Hello @inteon AFAIK Plank was deprecated. Since this PR is adding codes under 'pkg/plank/', I wonder whether:
- Adding codes under 'pkg/plank/' is okay regardless of the deprecation of Plank; or
- There exists another method to achieve the same goal, adding codes to directories other than 'pkg/plank/'.
Please take a look! 😃
Hello @inteon AFAIK Plank was deprecated. Since this PR is adding codes under 'pkg/plank/', I wonder whether:
- Adding codes under 'pkg/plank/' is okay regardless of the deprecation of Plank; or
- There exists another method to achieve the same goal, adding codes to directories other than 'pkg/plank/'.
Please take a look! 😃
The code still seems to be used in prow-controller-manager: https://github.com/kubernetes-sigs/prow/blob/0a3518154cf7d730ddc5ad7c6b978c480a6e5dc9/cmd/prow-controller-manager/main.go#L202-L204
[APPROVALNOTIFIER] This PR is NOT APPROVED
This pull-request has been approved by: inteon Once this PR has been reviewed and has the lgtm label, please assign petr-muller for approval. For more information see the Kubernetes Code Review Process.
The full list of commands accepted by this bot can be found here.
Approvers can indicate their approval by writing /approve in a comment
Approvers can cancel approval by writing /approve cancel in a comment
/label tide/merge-method-squash
Info: we use this change on our cert-manager prow cluster https://prow.infra.cert-manager.io/ (see https://github.com/cert-manager/testing/tree/0b5dfa456f691e849bb0b3c40f3e00bd8d607127/images/prow-controller-manager-spot).
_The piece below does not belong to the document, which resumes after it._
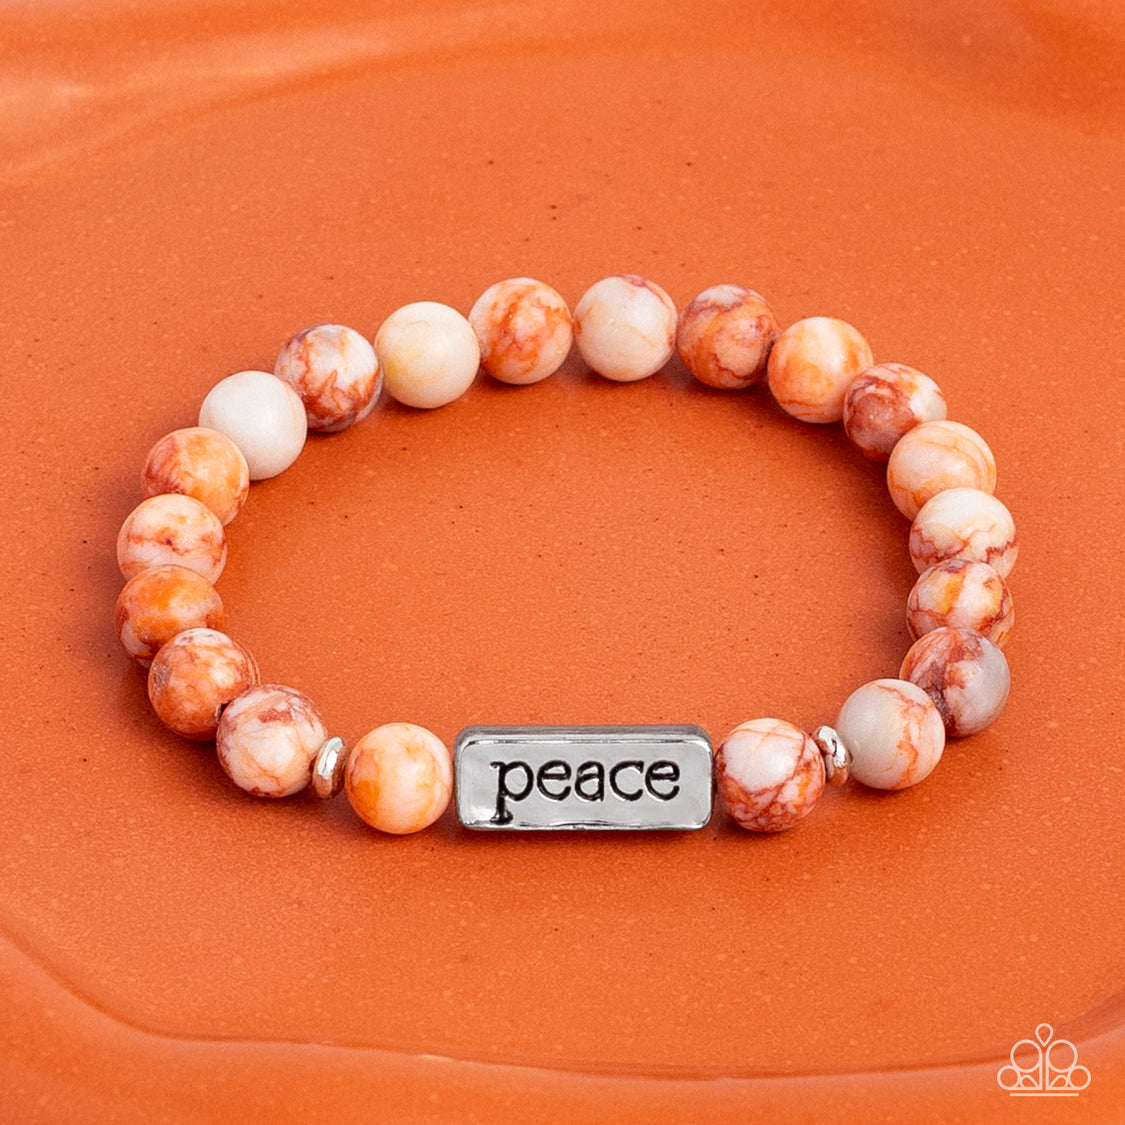 Serene Season Orange Stretch Bracelet - Paparazzi Accessories  Meeting at the center of an elastic stretch bracelet, a silver, rectangular bar, hammered in a light sheen, is stamped with the word "peace" for a serene statement. Marbled, orange stone beads, and silver accents encircle the silver bar creating a calming, cheerful finish. As the stone elements in this piece are natural, some color variation is normal.  Sold as one individual bracelet.

It works very well, this change has removed a lot of flaky failures due to spot instance shutdowns!
Info: we use this change on our cert-manager prow cluster https://prow.infra.cert-manager.io/ (see https://github.com/cert-manager/testing/tree/0b5dfa456f691e849bb0b3c40f3e00bd8d607127/images/prow-controller-manager-spot). It works very well, this change has removed a lot of flaky failures due to spot instance shutdowns!
This change seems like a nice feature but I am not sure if you are covering all of the generic cases of those pod terminations that are not only related to GCP. Also, this issue can be resolved by adding a pod disruption budget to your cluster.
In my opinion, we shouldn't enable this feature by default. Instead, we can configure specific reasons for recreating the prowjobs, which will allow users to be more specific about their infrastructure.
I am not confident about enabling this feature by default. The implementation covers only a GCP case, and a pod's termination is deeply dependent on the infrastructure. This means, that a prowjob can run forever in a loop in many cases. Perhaps keeping it disabled as default and allowing the user to enable it in the global config? Also, to avoid the infinite runs, perhaps its better to keep track of the number of the retries and allow the user to control the threshold.
@petr-muller @stevekuznetsov @cgwalters @BenTheElder Do you guys have any input?
I am not confident about enabling this feature by default. The implementation covers only a GCP case, and a pod's termination is deeply dependent on the infrastructure. This means, that a prowjob can run forever in a loop in many cases. Perhaps keeping it disabled as default and allowing the user to enable it in the global config? Also, to avoid the infinite runs, perhaps its better to keep track of the number of the retries and allow the user to control the threshold.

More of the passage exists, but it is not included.